Install a contrib module that allows sending of messages in plain text format. An example is simplenews. Type a message like the example above.

Proposed resolution

Only call htmlToText() if the input implements MarkupInterface.

Remaining tasks

None.

User interface changes

None.

API changes

None.

Data model changes

None.

Release notes snippet

None.

Comments

AdamPS created an issue. See original summary.

mxr576’s picture

Hm, I have uploaded a patch to the referenced https://www.drupal.org/project/drupal/issues/2223967 which I believe does exactly the same that you describe but I got a push back on it.

https://www.drupal.org/project/drupal/issues/2223967#comment-13602092

These are exactly the same patches.

adamps’s picture

Thanks @mxr576 however that patch is not the same as this issue.

The patch alters MessageViewBuilder.php in the contact module. The issue summary proposes to alter PhpMail::format().

NitinLama’s picture

Assigned: Unassigned » NitinLama
Status: Active » Needs review
StatusFileSize
new907 bytes

Status: Needs review » Needs work

The last submitted patch, 4: 3174760-4.patch, failed testing.
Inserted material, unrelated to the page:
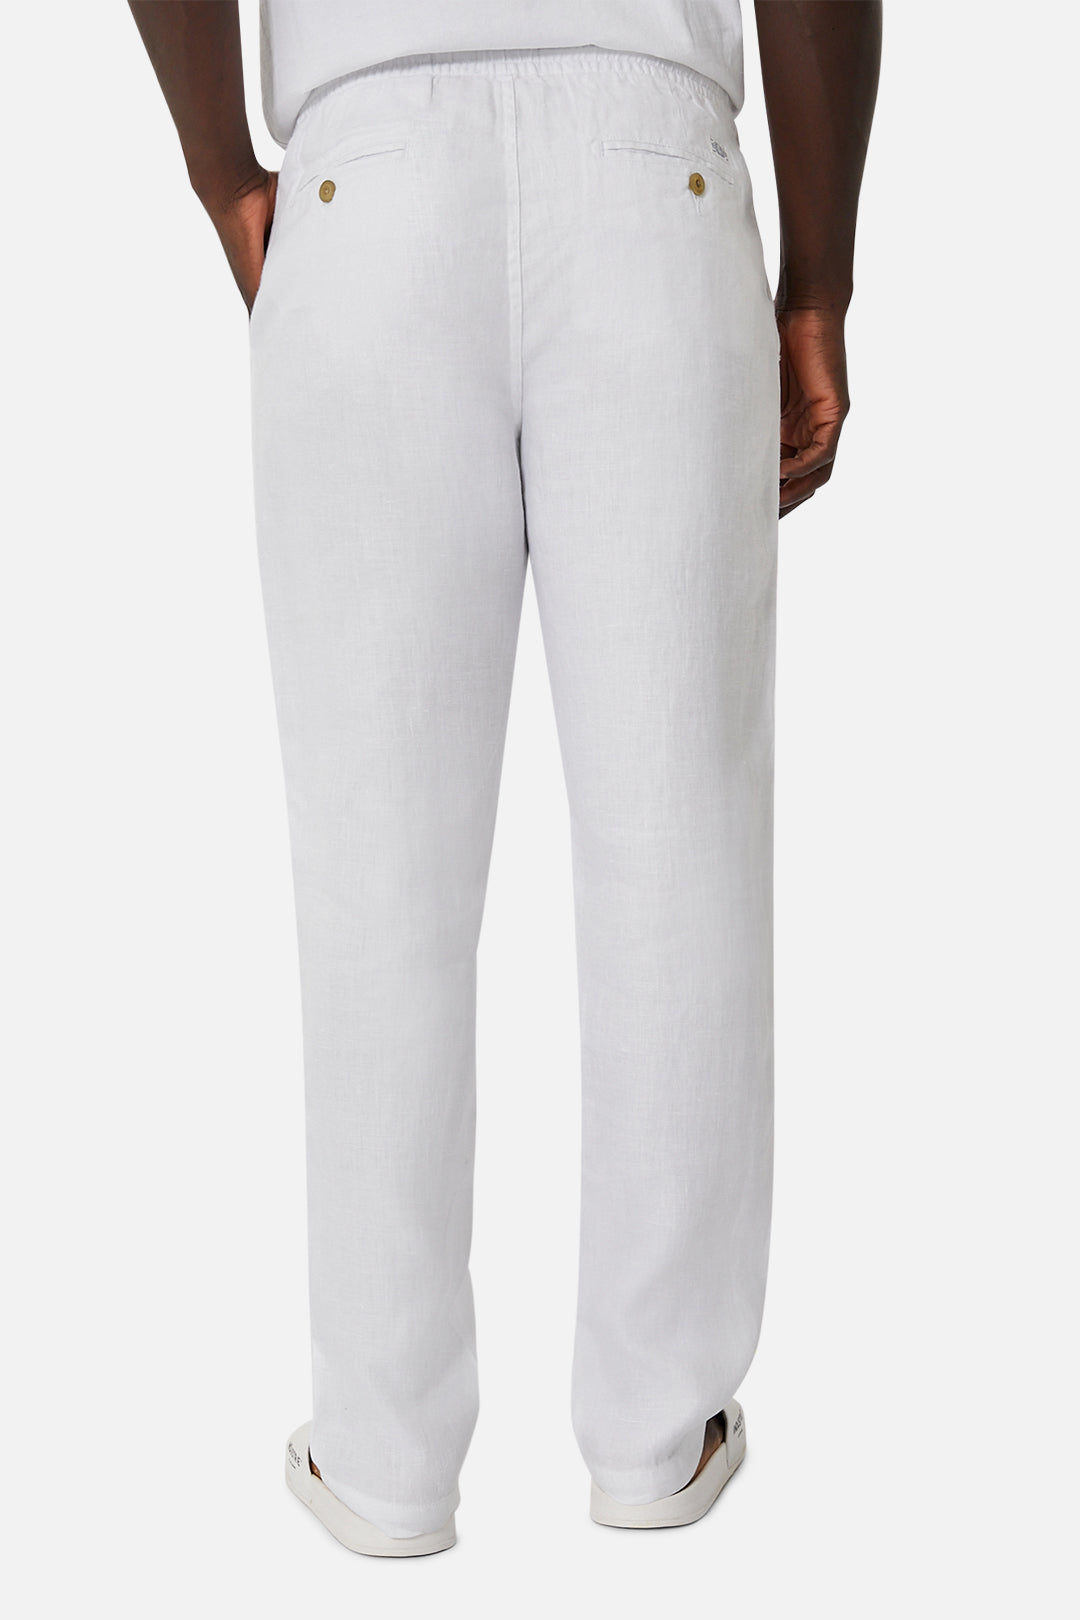 Men's Linen Pants Summer Pants Beach Pants Capri Pants Drawstring Elastic  Waist Plain Comfort Breathable Calf-

View results
- codesniffer_fixes.patch Interdiff of automated coding standards fixes only.

NitinLama’s picture

Status: Needs work » Needs review
StatusFileSize
new1.51 KB

Status: Needs review » Needs work

The last submitted patch, 6: Mail_HTML_entities-3174760-6.patch, failed testing. View results
- codesniffer_fixes.patch Interdiff of automated coding standards fixes only.

snehalgaikwad’s picture

Assigned: NitinLama » Unassigned
Status: Needs work » Needs review
StatusFileSize
new1.51 KB
snehalgaikwad’s picture

StatusFileSize
new565 bytes
adamps’s picture

Status: Needs review » Needs work

Thanks. However it's more complex than that. The message body is an array, and each entry in the array is either MarkupInterface or a string. So something like this (not tested):

foreach ($message['body'] as &$part) {
  if ($part instanceof MarkupInterface) {
    $part = MailFormatHelper::htmlToText($part);
  }
}
kishor_kolekar’s picture

Status: Needs work » Needs review
StatusFileSize
new1.65 KB
new1.14 KB

please review the patch.

Status: Needs review » Needs work

The last submitted patch, 11: 3174760-11.patch, failed testing. View results
- codesniffer_fixes.patch Interdiff of automated coding standards fixes only.

kishor_kolekar’s picture

Status: Needs work » Needs review
StatusFileSize
new1.74 KB
new480 bytes
adamps’s picture

Status: Needs review » Needs work
Issue tags: +Needs tests

Thanks. Please see MailInterface::format() for a very clear description of what this patch needs to do.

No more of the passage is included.